> [Given information]
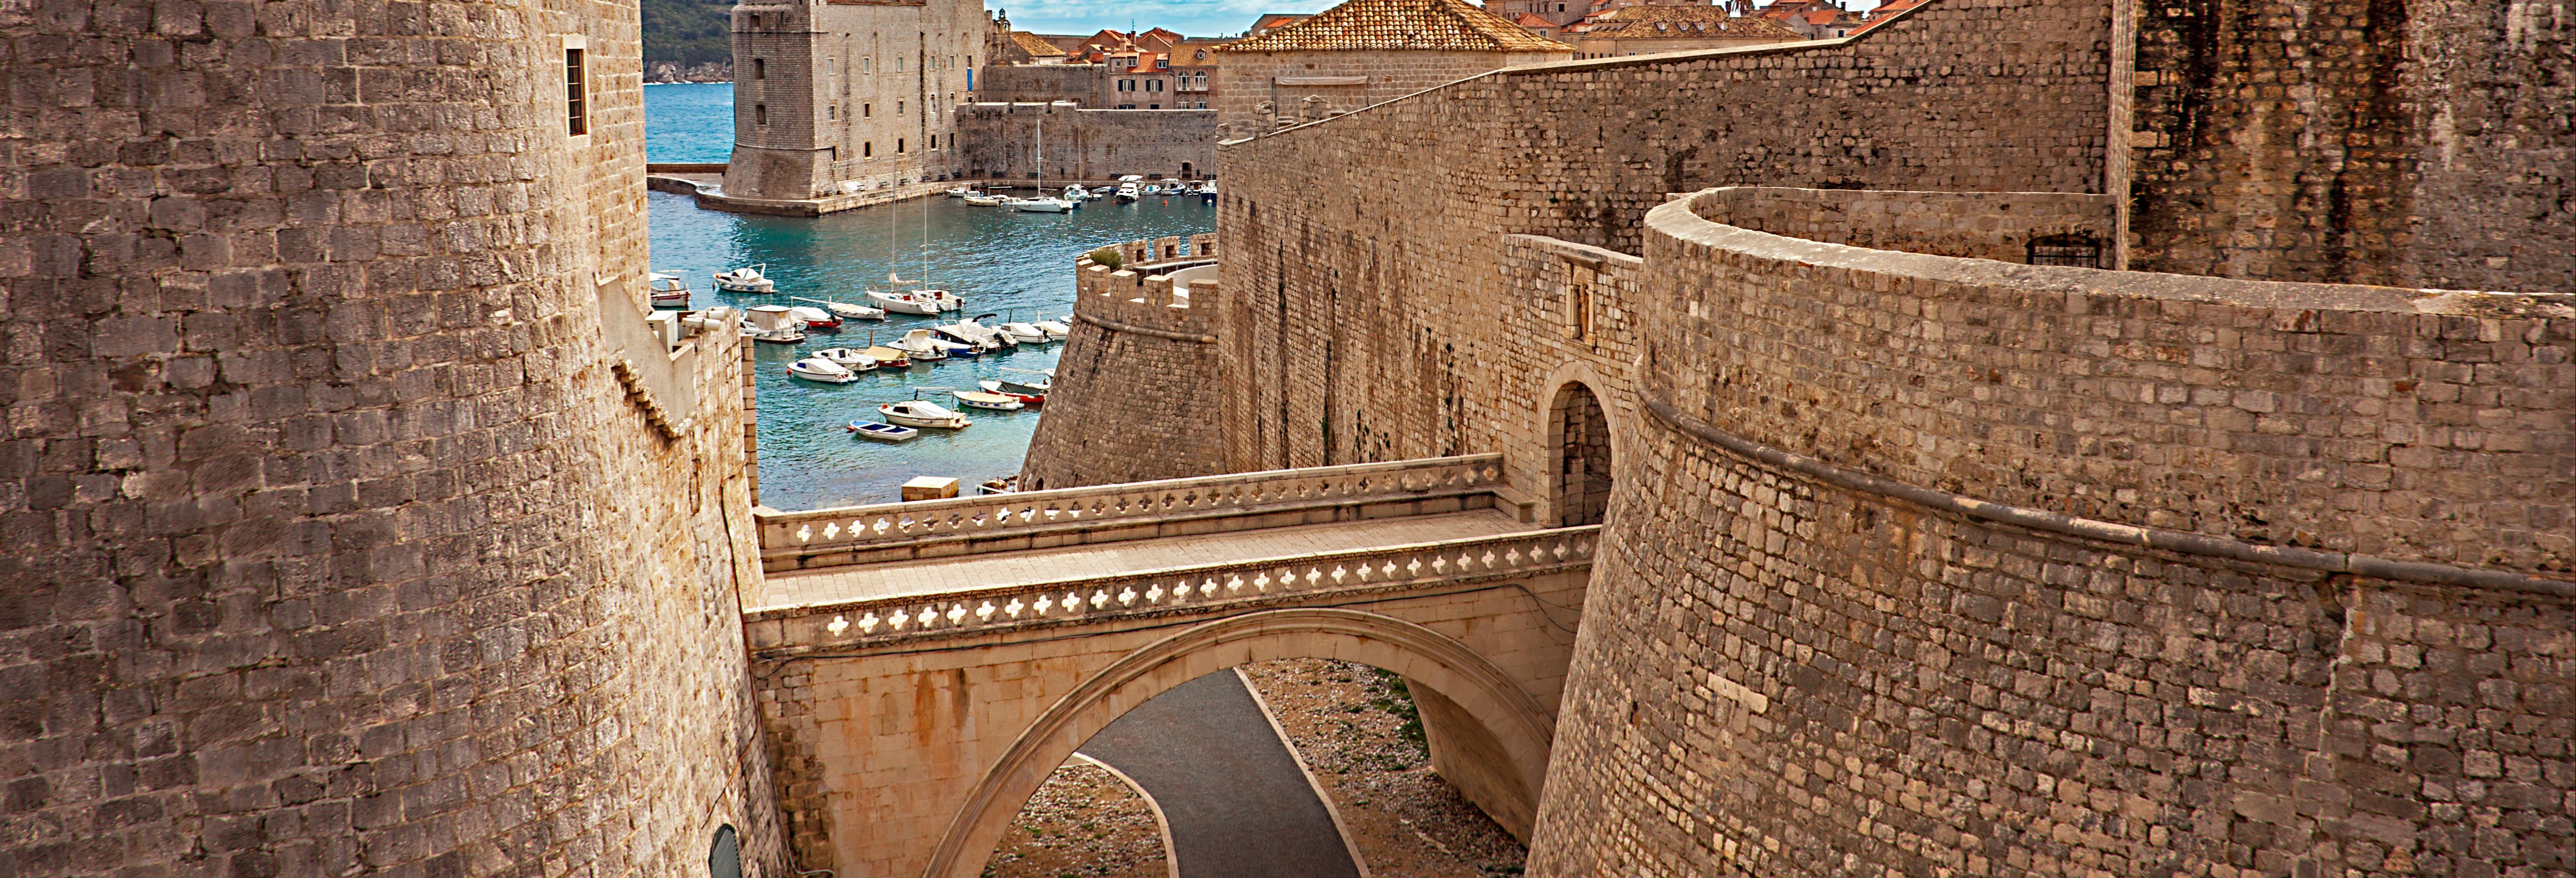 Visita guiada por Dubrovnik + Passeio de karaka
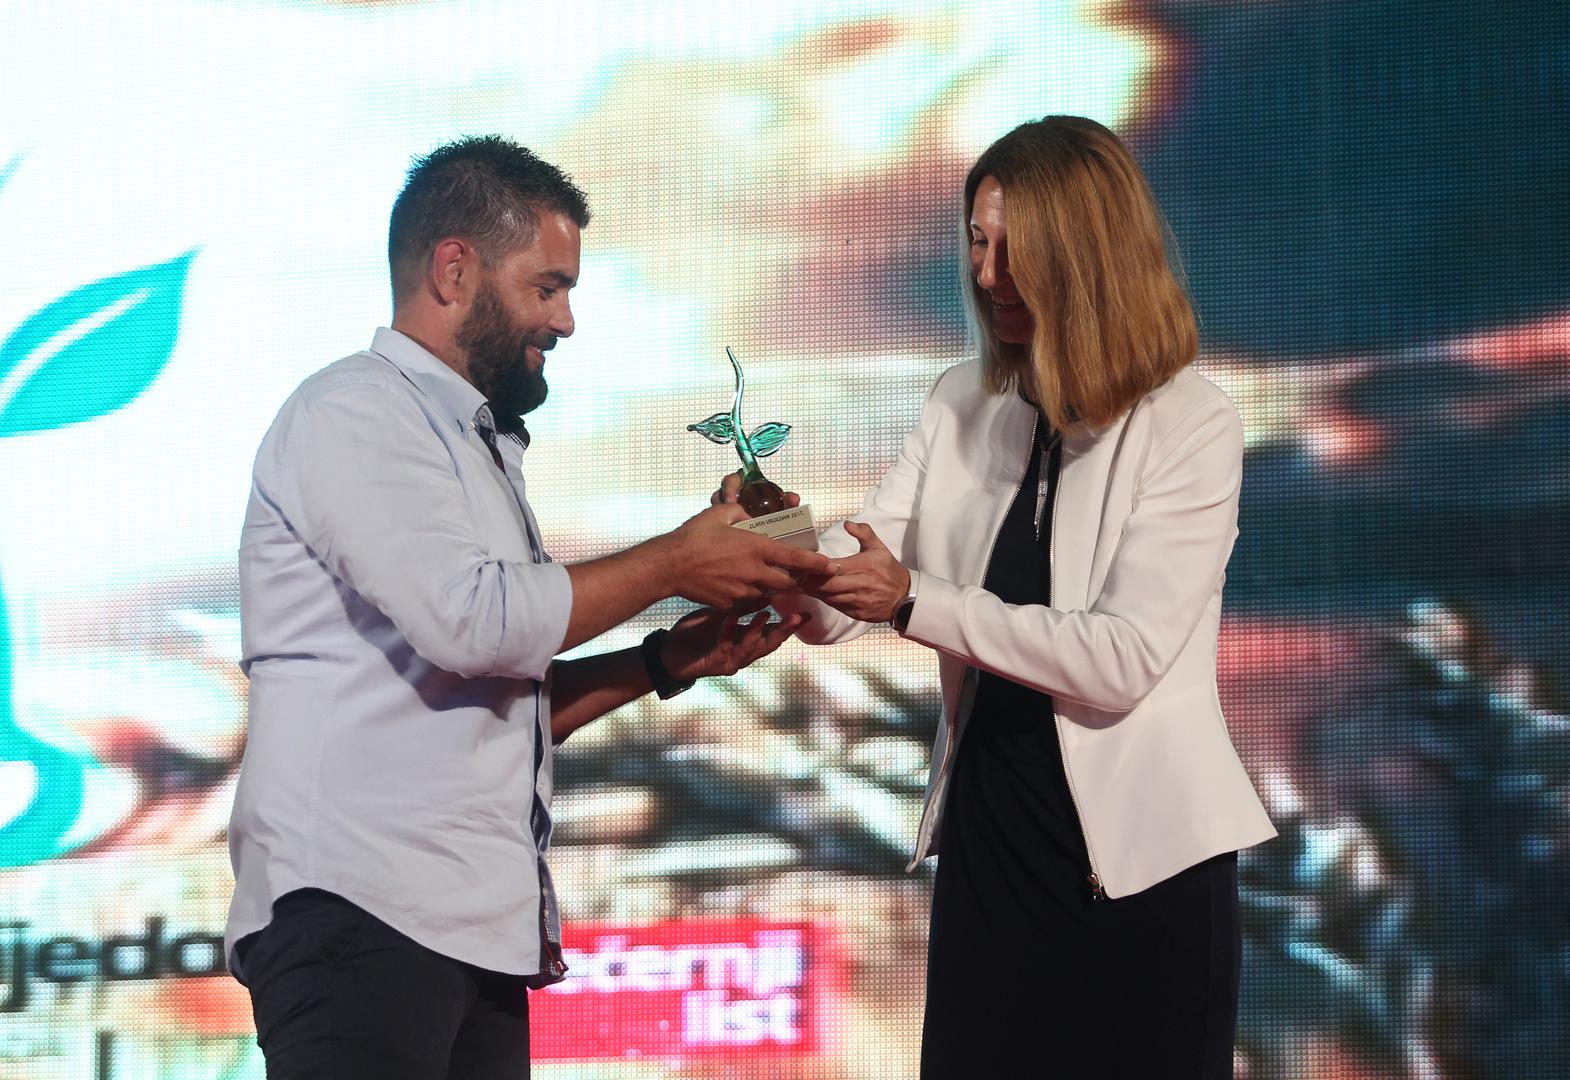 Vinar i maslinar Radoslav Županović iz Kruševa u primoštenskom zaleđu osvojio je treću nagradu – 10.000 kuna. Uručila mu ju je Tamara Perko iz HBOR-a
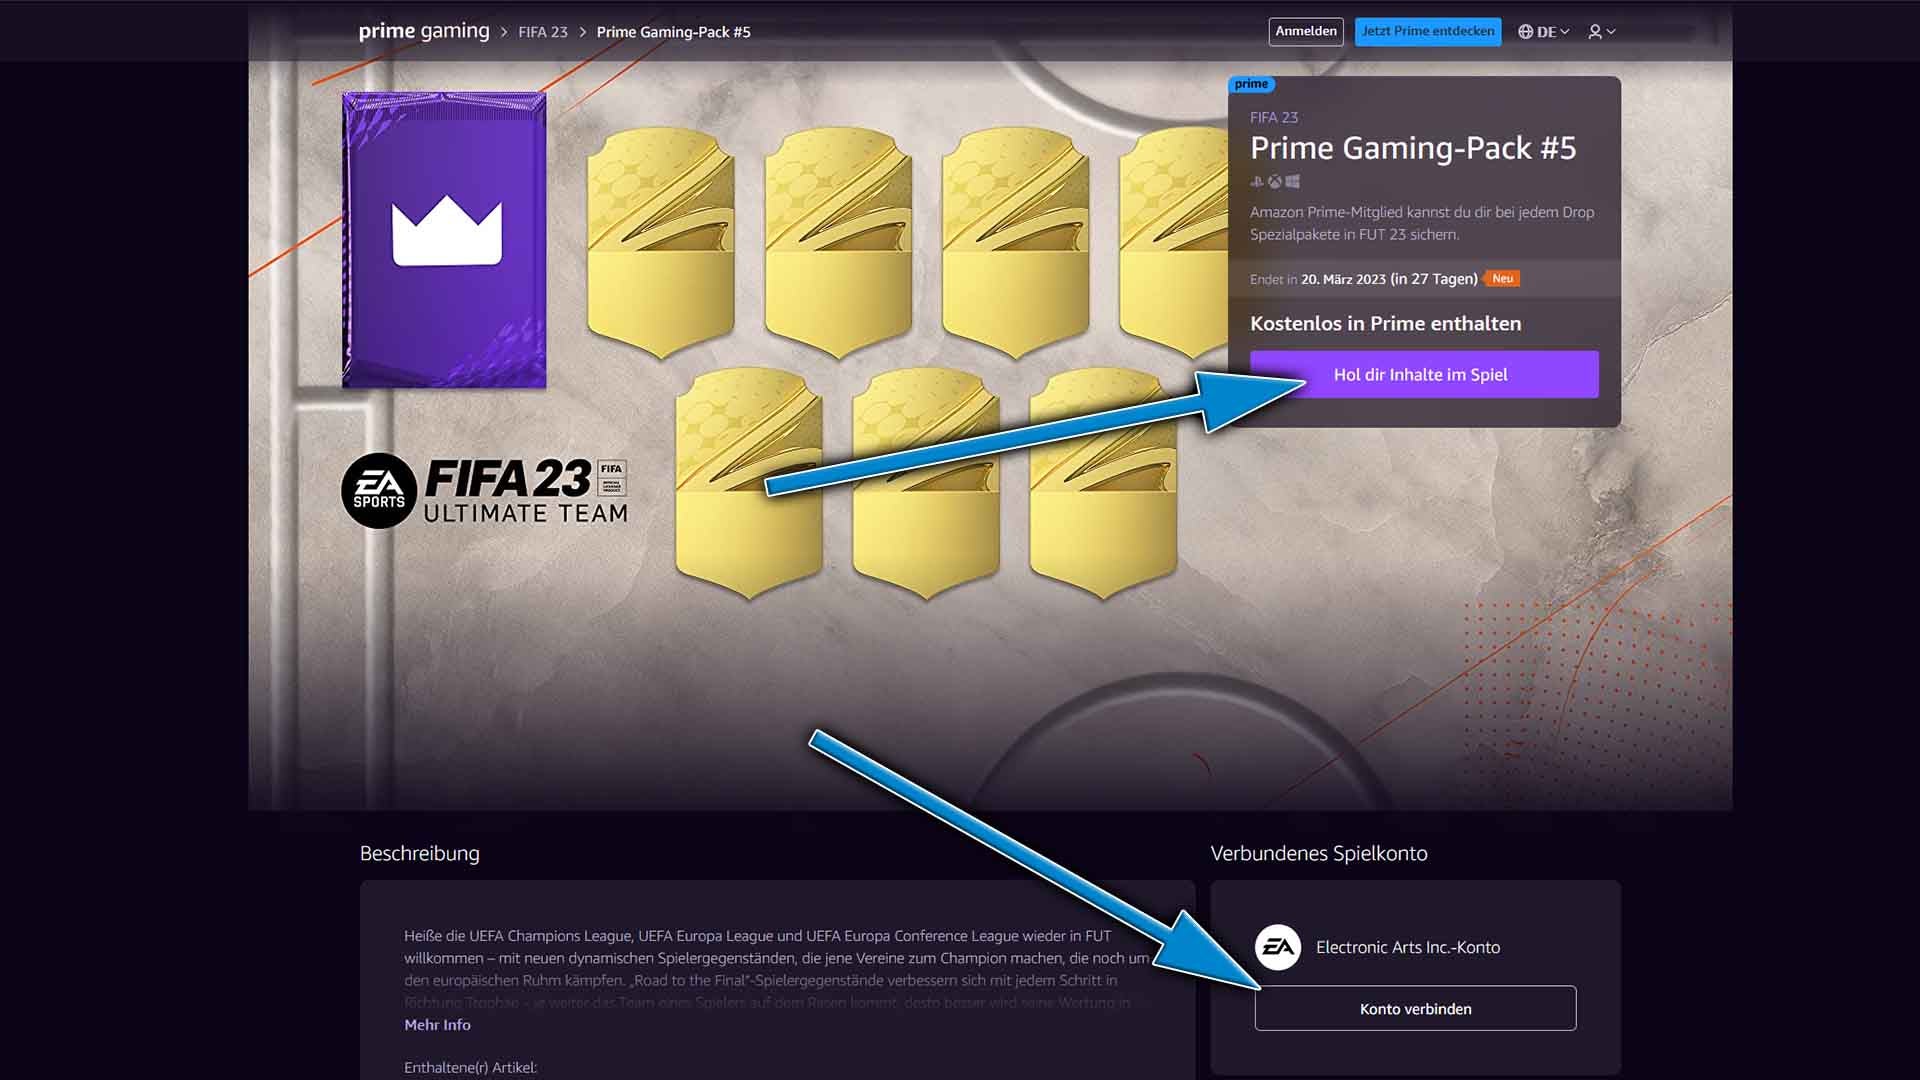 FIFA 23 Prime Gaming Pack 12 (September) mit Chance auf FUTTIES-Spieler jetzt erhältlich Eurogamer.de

> [Work request]
Omitting all pictures, restate word for word the lines from the one containing "Vinar i maslinar" through the last line of the data.

> [Your solution]
 Vinar i maslinar Radoslav Županović iz Kruševa u primoštenskom zaleđu osvojio je treću nagradu – 10.000 kuna. Uručila mu ju je Tamara Perko iz HBOR-a
 FIFA 23 Prime Gaming Pack 12 (September) mit Chance auf FUTTIES-Spieler jetzt erhältlich Eurogamer.de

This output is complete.